Johansson hunched his shoulders, frowning. "Not much of a lead, I'll grant you that, but all the same, anything to get RJ back. Ey was more than just a tech. Sounds silly, but we all liked em. The tech crew, especially. We went through our share of fuck-ups tonight just getting by without em."
Was it? Was there any point to the sense of ownership in so solipsisitic a world?
"Oh? I didn't notice any."
Something to tie em back to the world outside this sim.
"You weren't on the headset. We had lights and sound arguing cues while stage desperately tried to keep them on track. It was a mess."
A solution in between, then. Ey dug until ey found a rucksack that had probably gone with some war-themed production. Drab, dusty, made of thick canvas. It would do well to carry anything that would help, including the notes ey had made.
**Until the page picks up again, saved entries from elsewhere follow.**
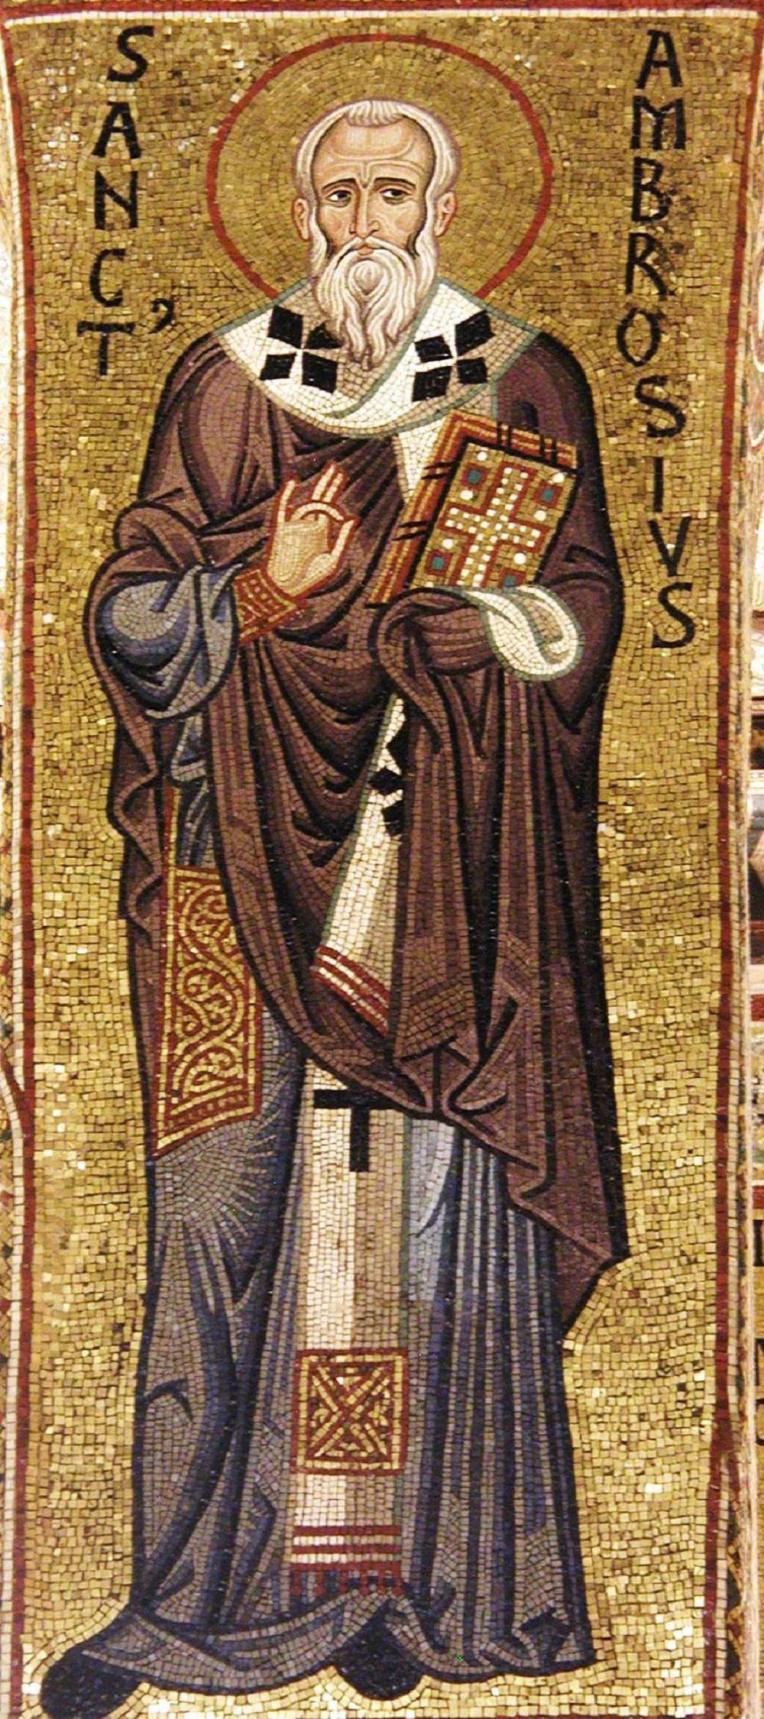 St. Ambrose mosaic
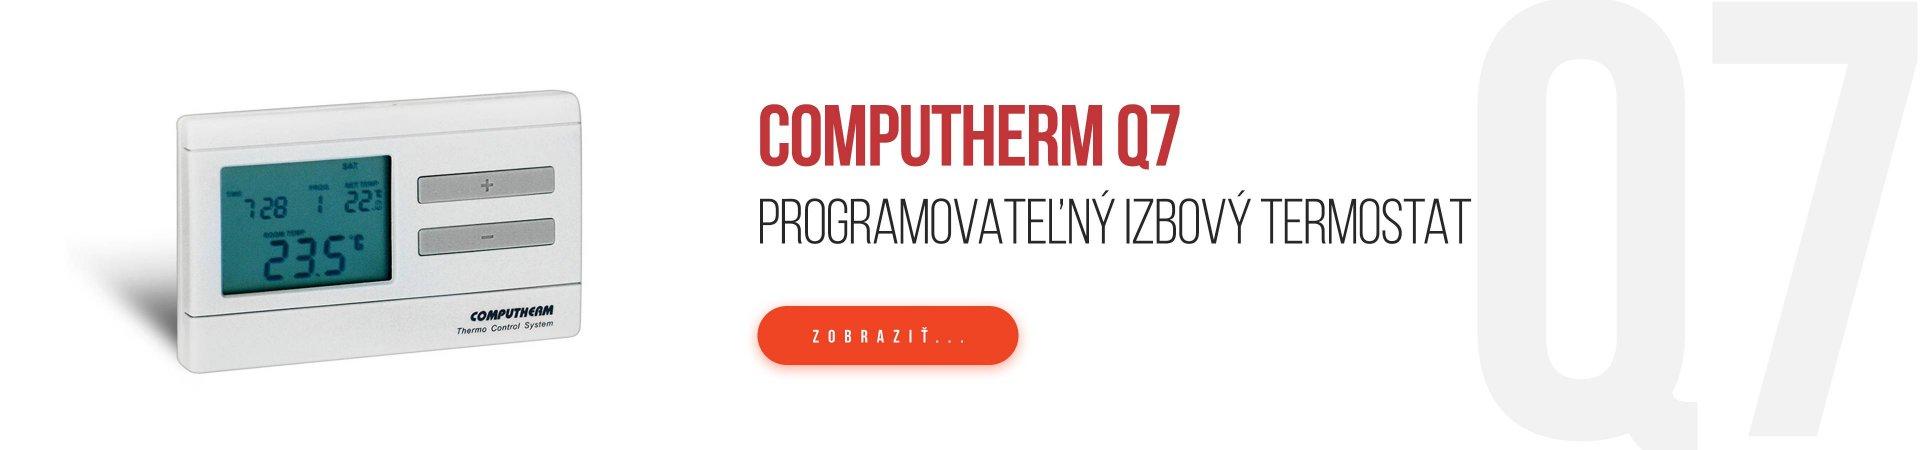 http://www.termostatshop.sk/programovatelny-izbovy-termostat
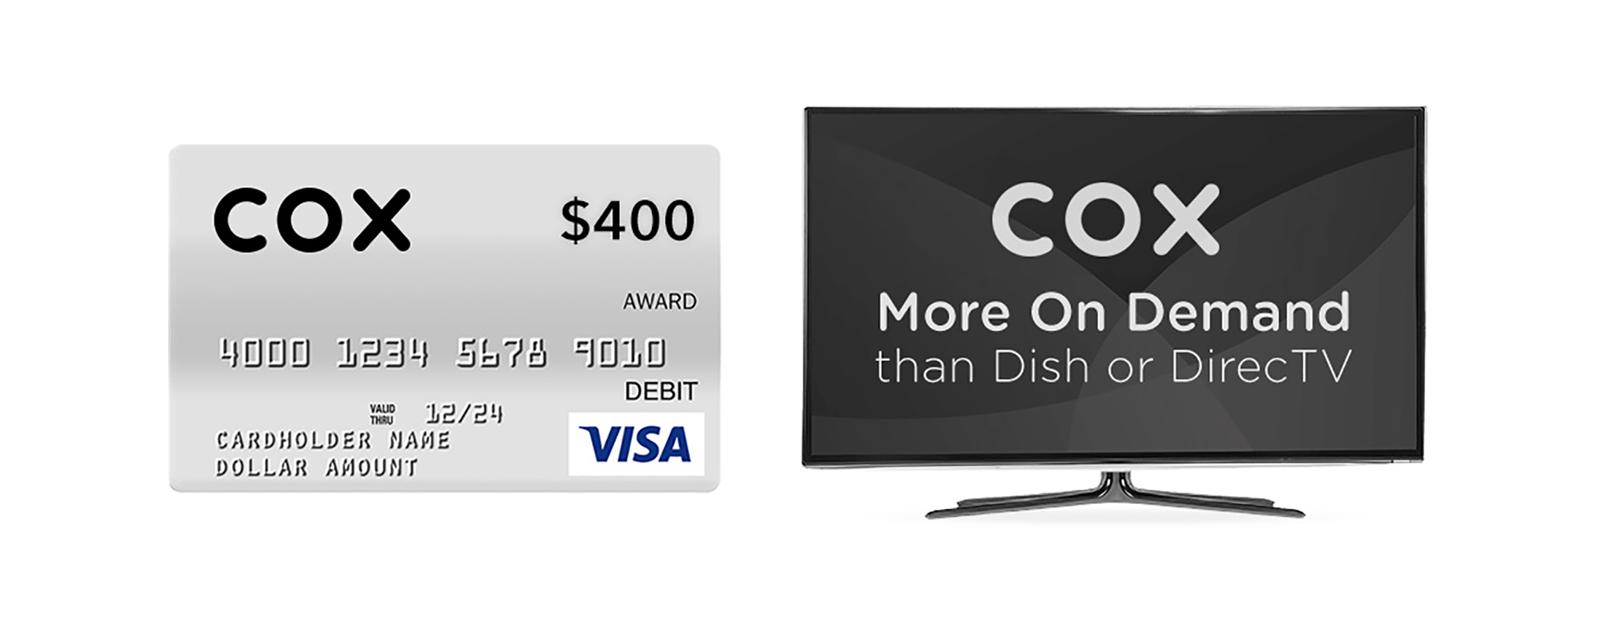 Cox通信品牌更新全新的品牌VI视觉形象设计-深圳VI设计4
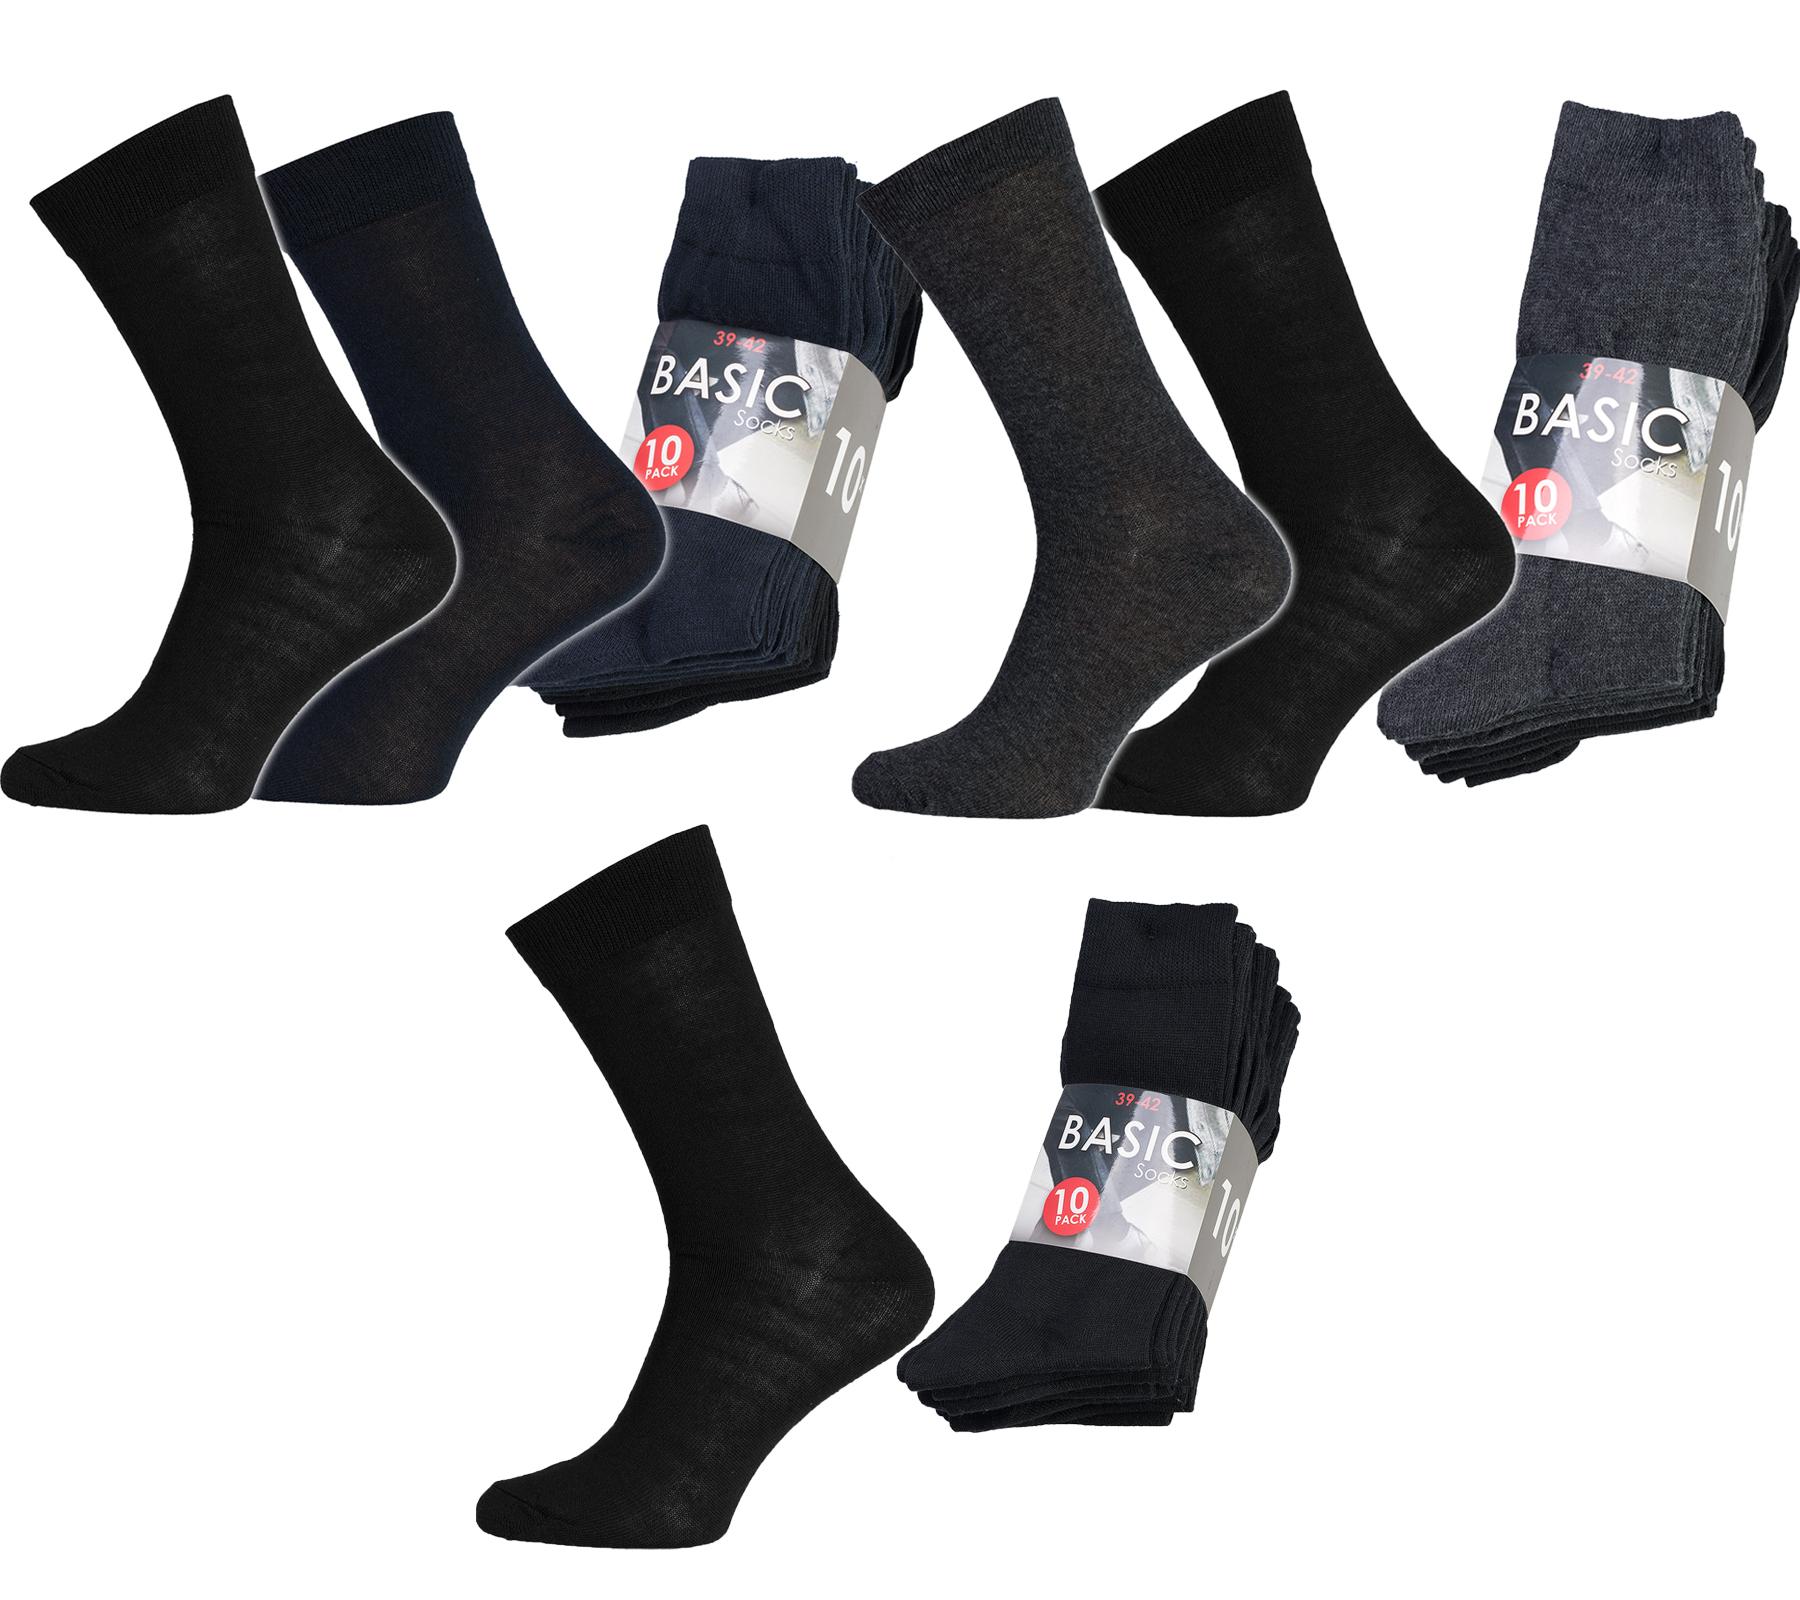 Business-Socken Herren (10er Pack) für 4,99€ inkl. Versand

"All the same," Carter countered. "I thought it was delightful."
Ey laid eir tux out on the ratty sofa and rolled it into a tight cylinder. An empty sim would care little if eir tux got wrinkled, yes? Ey stuffed it down at the base of the pack and folded the notes into a small pocket on the side.
"Mm."
Thus equipped, ey padded back to the auditorium. Ey made sure the room was put to sleep, and, on a whim, grabbed the one live microphone ey'd found earlier. Ensuring that it was off to conserve batteries, ey added it to the notes. A small token of where ey'd come from.
Silence.
"Not going to do much without the receiver or board," ey murmured. "Do the batteries even matter? This is all so fucking silly."
It felt necessary. They both stared off into the pub. The room held the distinctly British dichotomy of being crowded and convivial, while also intensely conscious of personal space. The latter suffered as the night went on.
Ey tamped down despair, buttoned down the flap above the pocket. So many questions.
"You know," Johansson began, the rich baritone bringing Carter's attention back to the conversation.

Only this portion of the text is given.